Below is the easiest way to get up and running on A1111 and Stable Diffusion XL without switching weights:
Stable Diffusion has rolled out its XL weights for its Base and Refiner model generation:
Just so you’re caught up in how this works, Base will generate an image from scratch, and then run through the Refiner weights to uplevel the detail of the image. It’s a new concept, to first create a low res image then upscale it with a different model. These models are 7GB and 6GB respectively (you’ll need to download both twice because of the new 0.9 VAE version which fixes some stuff).
To use both of these, first clone the repositories locally, you can use the following commands for both in terminal:
git lfs install
git clone https://huggingface.co/stabilityai/stable-diffusion-xl-base-1.0
and then:
git lfs install
git clone https://huggingface.co/stabilityai/stable-diffusion-xl-refiner-1.0
These are both the repos for base and refiner. Next up, you’ll probably ask about A1111 (aka Automatic 1111). You’ll need to update this too to 1.5.1 or higher, if you haven’t already, do a git pull or install a fresh copy
Copy both the safetensors (I chose 0.9VAE) and you’re off to the races. I have heard the full VAE version can get “noisy”. You can also run with --no-half-vae to fix this or —medram or —lowram for smaller GPU sizes.
However, one thing is loading these weights can take a minute or more for each. The workflow is also not intuitive, you have to load the base model on txt2img, then load the refiner model img2img. On the surface, this is what you should NOT be doing.
A1111 has now updated to support multiple models:
In theory, you can run a git checkout hires_checkpoint, but another method is using the Refiner extension: https://github.com/wcde/sd-webui-refiner
Judging by all the methods, this is the easiest!
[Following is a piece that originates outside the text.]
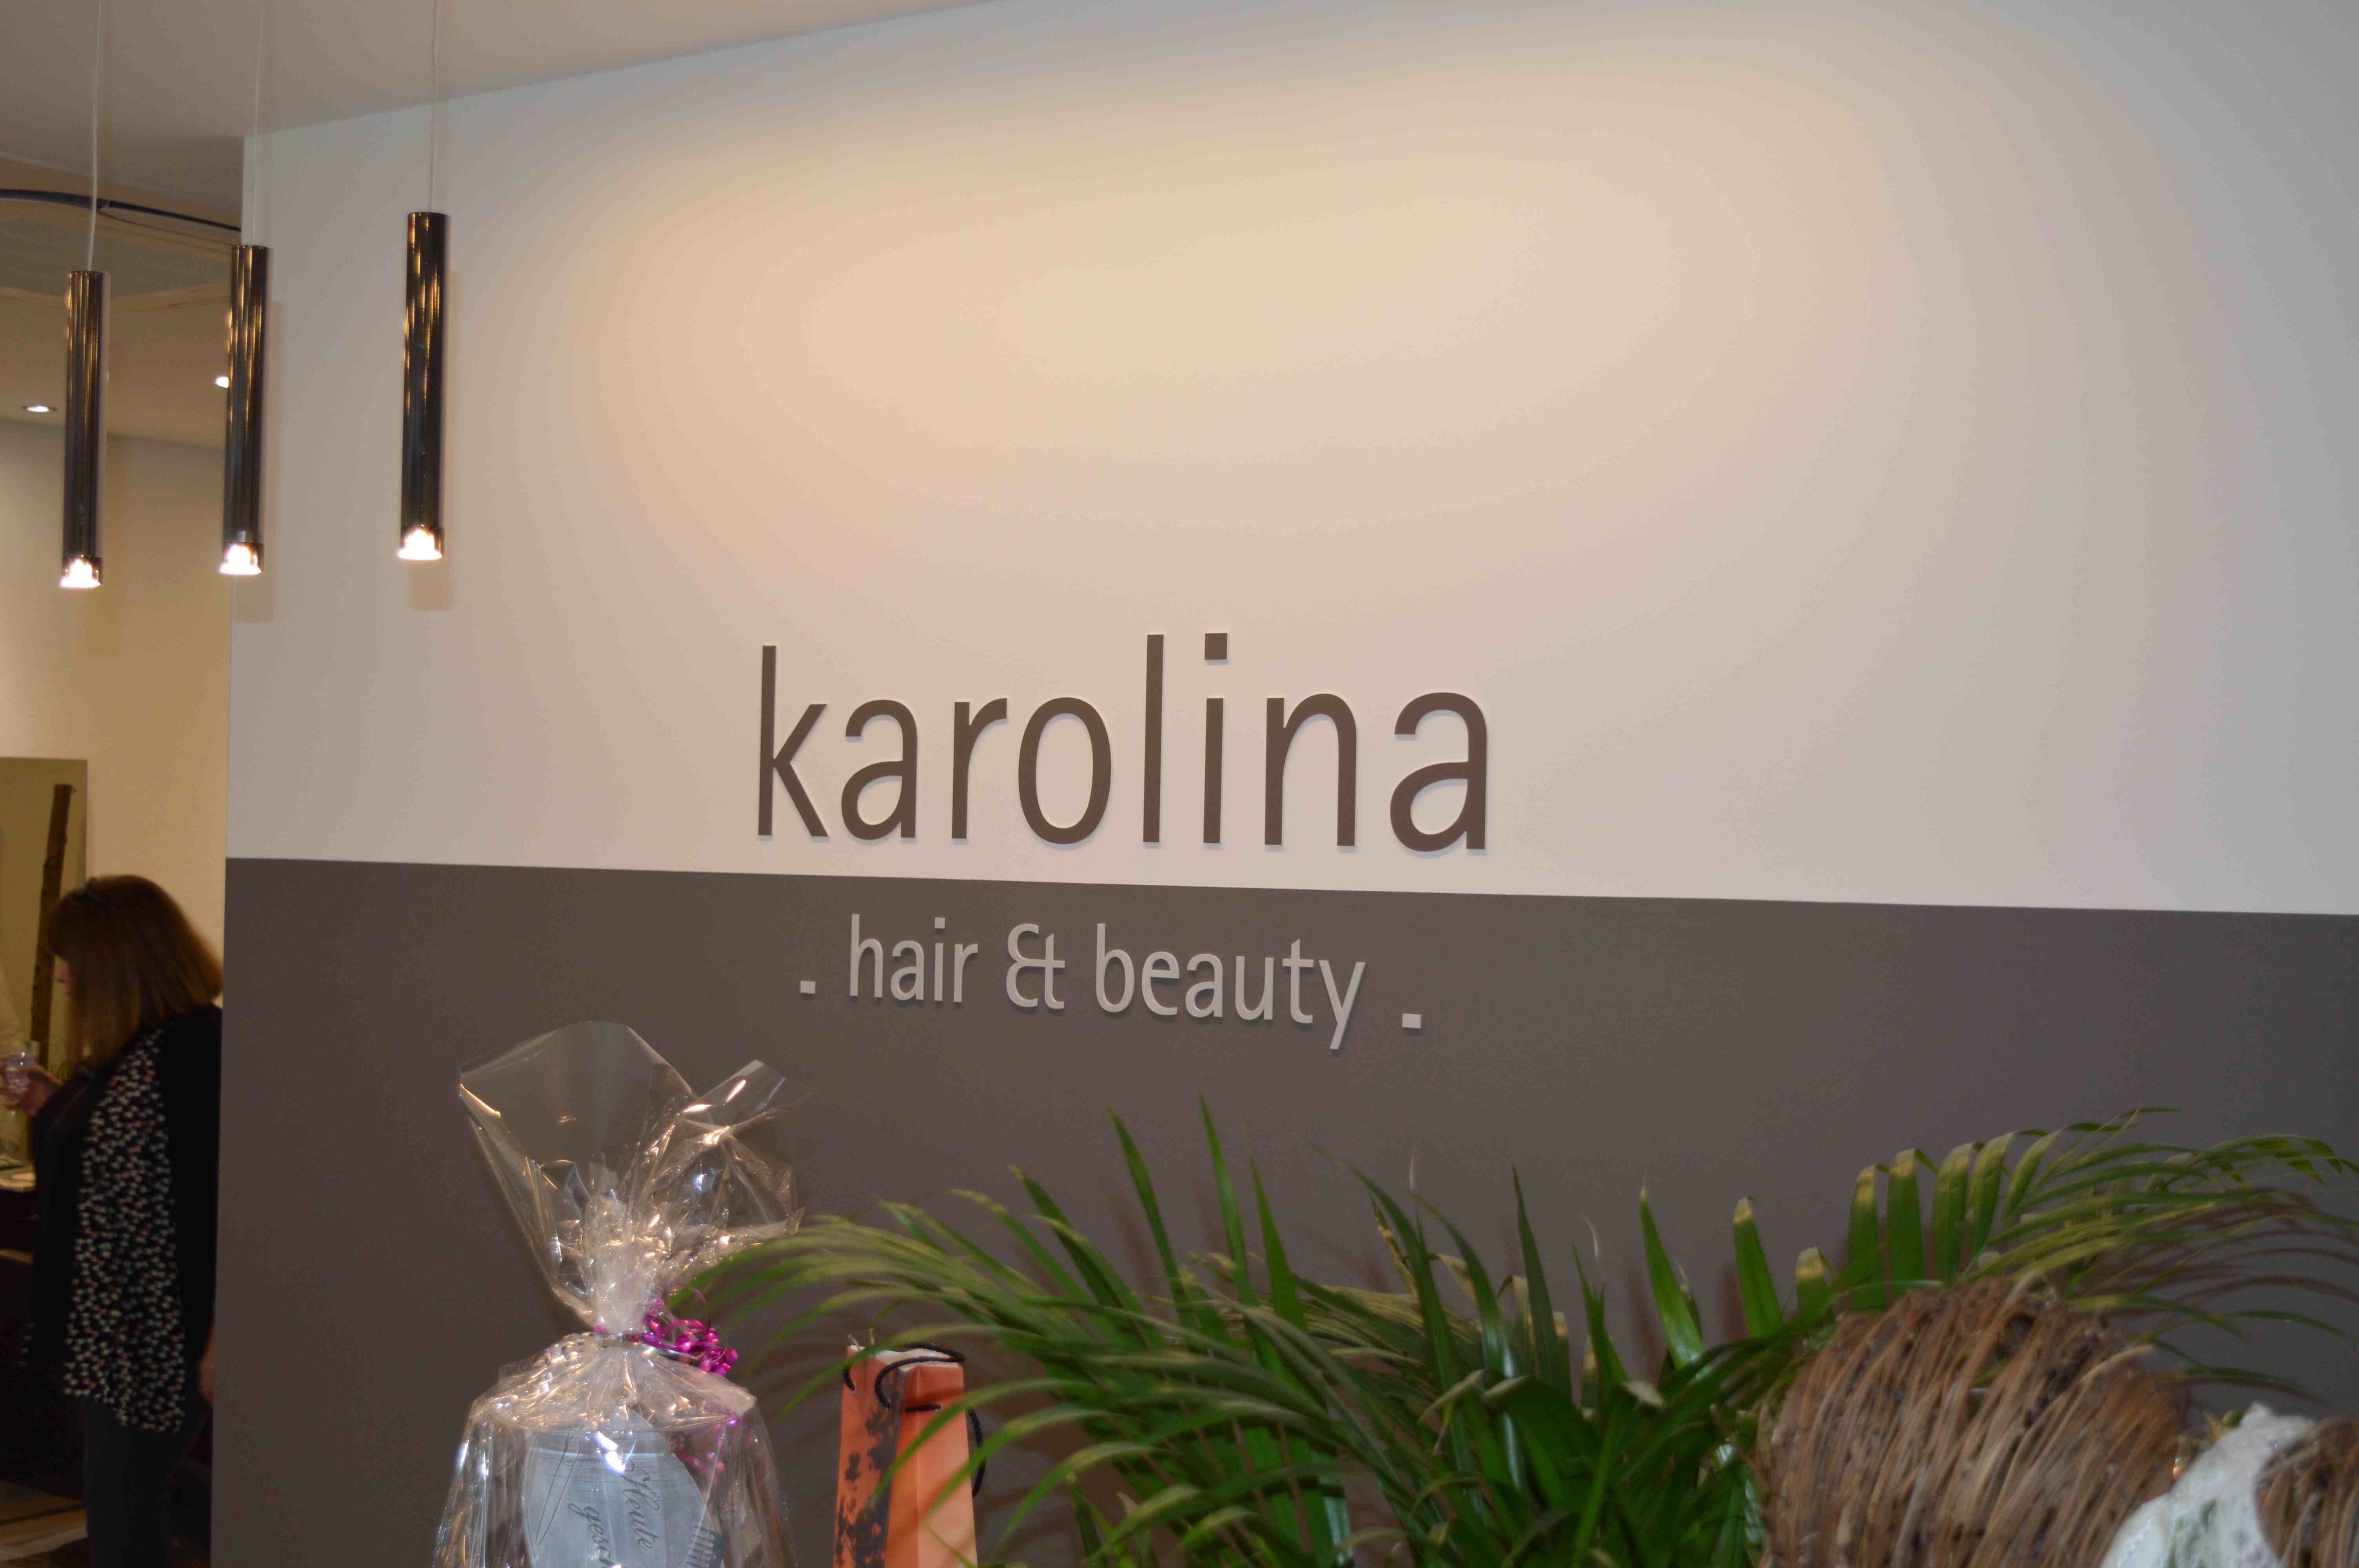 Friseur karolina hair & beauty Fellbach

All you need to do is go to your extensions tab and add this URL and restart. When you run your web-ui make sure there is no parameters (unless you need to reduce RAM). Here’s my settings on getting it to work on the UI:
Now you’re off to the races, this doesn’t require model swapping and it only takes a few seconds for each image to be produced:
Here’s a picture of a knight, the sword does look off, however it looks pretty realistic compared to Stable Diffusion 1.5:
a super futuristic sports car
a female marvel action hero, this is great detail
Joe Biden in a boxing outfit, notice it almost got his name right on his belt:
Here is the potential election for 2024:
Okay, that’s enough fun for one night.
This is only the beginning, soon all the rest of the extensions, particularly ControlNet, will eventually be XL compatible. We will also get new fine tuned models that are more purpose driven and even more photo realistic than this base model.
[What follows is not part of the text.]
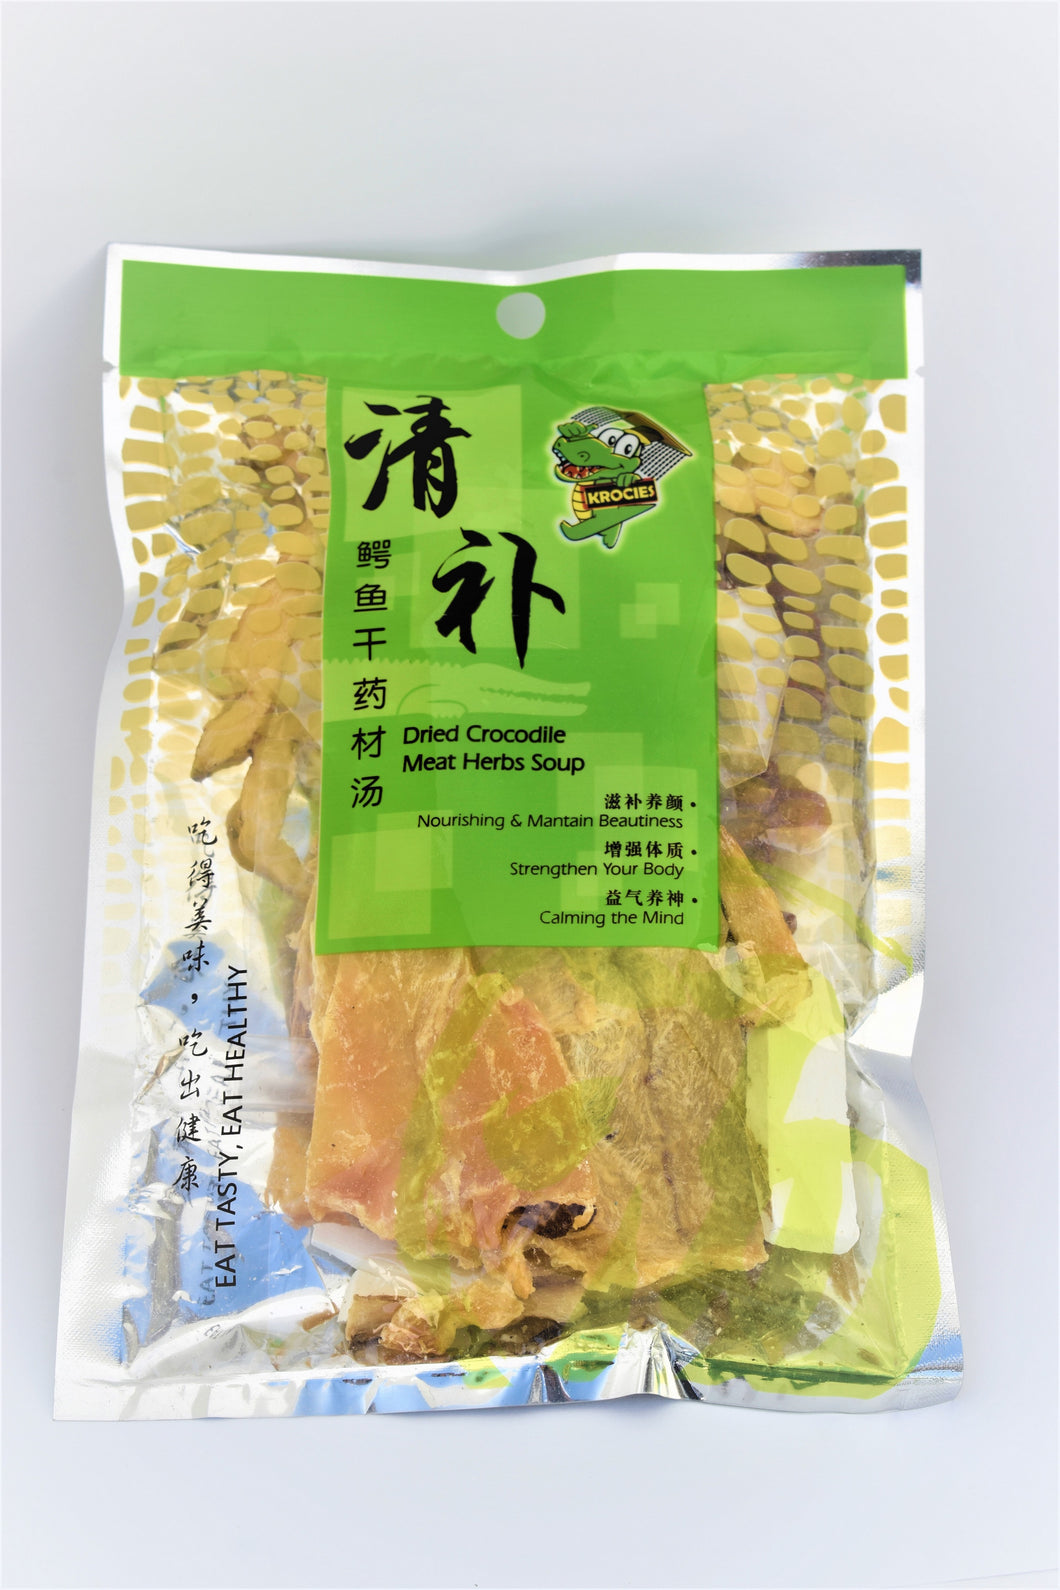 Qing Bu Dried Crocodile Meat Herbs Soup - Keep your family healthy

I hope these instructions make it pretty clear on how to get set up with Stable Diffusion XL in the most efficient way possible. You won’t have to run any complicated workflows and it will only take a few seconds to generate images on a decent GPU. From the initial try outs, it looks like this is getting pretty close to Midjourney, however I will still need to play with this a lot more to really get a sense of what it can do. Until then I hope to see everyone push the limits of XL and give me and the rest of the community tips on how to best utilize it!